As we begin to experience cold weather, make sure you know these winter terms
Now that we’ve had our first hard freeze here in North Central Texas, it’s time that we defined a few terms that you’re likely to encounter over the winter.
These are horticultural phrases that pour from the lips of gardeners, and it’s important that you know and understand them if you’re going to be successful in your plant-growing endeavors.
Hardy. This is the word we use to refer to plants that can be reasonably expected to survive average winter conditions in our part of America. Wherever you go in the United States or across the world, you will encounter plants that can survive the winter low temperatures in that area without problems. Those plants are said to be “winter-hardy”.
Hardiness Zones. Almost 100 years ago the United States Department of Agriculture (USDA) introduced a map showing the expected low temperatures of each county in the United States. It was based on historic measurements over an extended period of years.
Every 20 or 30 years since, as weather records have accumulated, the USDA Plant Hardiness Zone Map has been updated. Lines have been drawn to show 10-degree increments in a sort of “connect-the-dots” form across the country.
To speak on local terms, Zone 7 gardeners can expect temperatures to fall to between 0F and 10F on average one time per winter. Zone 8 falls into the 10F to 20F range. The 1990 map showed DFW to be in Zone 7. Due to warm winters the early part of the 2000s, the averages shifted up and put us into Zone 8, but my warning is that you should use Zone 8 plants with great caution. They may not be winter-hardy enough for long-term survival here.

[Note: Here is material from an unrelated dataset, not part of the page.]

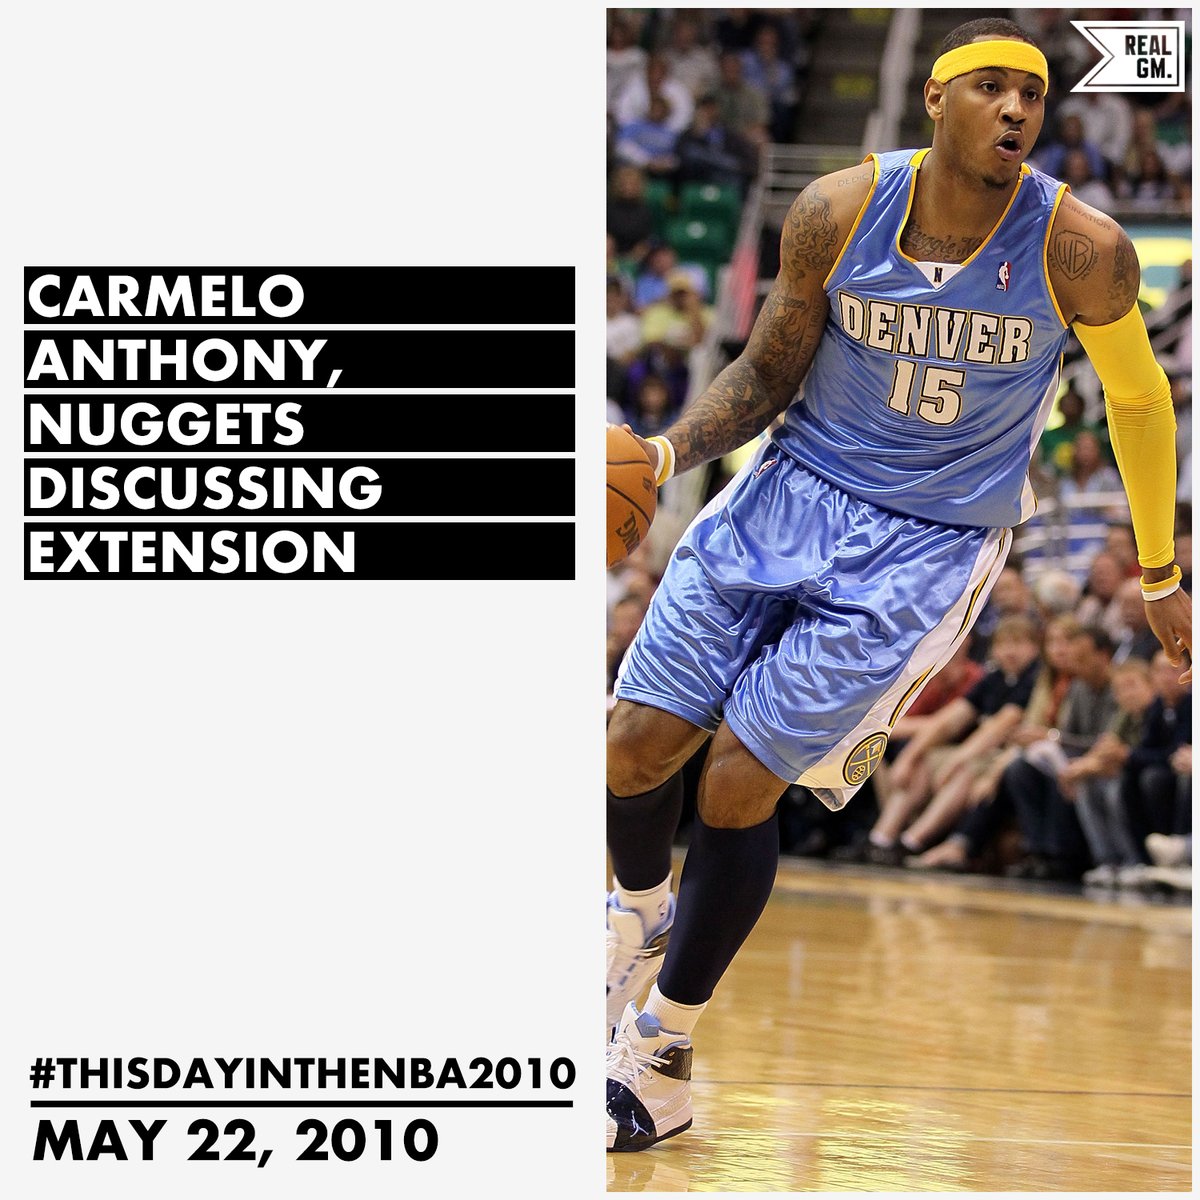  #ThisDayInTheNBA2010May 22, 2010Carmelo Anthony, Nuggets Discussing Extension https://basketball.realgm.com/wiretap/204059/Carmelo-Anthony-Nuggets-Discussing-Extension

One important thing to remember is that containerized plants such as large patio pots lose 15 or 20 degrees of winter hardiness when they’re kept above ground outdoors during the winter. That’s equivalent to two Hardiness Zones, and it happens because their roots are completely exposed to the freezing weather. Normally in our part of Texas the soil rarely freezes more than 1-2 inches deep, but for plants in pots it’s very different. Their entire root systems will freeze.
Hardened. This sounds like a redundant term with those just described, but it really is not. This refers to a plant that has become acclimated to increasingly cold conditions. It happens over several weeks in October and November as temperatures get progressively lower with each successive cold front. The same thing happens to people. By February, those 60-degree nights feel a lot better than they did back in September.
Plants that are well hardened have a much better chance of surviving cold winter weather. When we get an unusually early first freeze, and especially if it’s a very hard freeze down into the 20s, many of our normally hardy plants will not have become hardened. That’s why we see crape myrtles with dieback. They fail to leaf out normally come spring. They failed to acclimate before the cold hit.
Covering plants to protect them. It’s always difficult to see freezing weather kill your plants. Sometimes the first frost of fall will take out your summer crops. That may need to happen to make room for your winter color. However, if you were trying to buy time for just a few more weeks of color, or if you still had tomatoes and other vegetables that could be producing more harvests, you could protect them with floating row cover. That is a lightweight, gauze-like material that would gain you 6 to 8 degrees’ worth of help.
The same floating row cover can be placed over plants that are known to be tender in your part of Texas to protect them from extremely low temperatures in the winter. That’s not practical for large shrubs and trees, but you can certainly use it for low shrubs like gardenias, aspidistra or pittosporum.
Floating row covers can be left in place for weeks or even months. They allow water to penetrate, and your plants will get enough light to survive quite well. Be sure that you bring the fabric all the way down to the ground, and weight it down so that the wind won’t blow it away. Pin it at its seams, again to hold it in place. If you need to water your plants, stick a hose in under the side of the cover.
Planting and transplanting. I sometimes confuse people with my use of these terms. Most nursery people refer to “planting” as they picture selling a plant and the customer taking it home and planting it out of a container. “Transplanting,” by comparison, involves the actual cutting of roots of a plant growing in one location and the physical moving of the plant to a new location.
Planting from nursery containers can be done at any time during the year. Since the roots are left intact, the plant won’t even know that it’s been moved. Fall is an outstanding time for planting, since it gives the plant half a year to become established before the next summer arrives.
However, transplanting must be done while woody plants are dormant. That means mid-winter (late December, January or very early February). You don’t want to attempt it while the plant has active growth and is filled with leaves.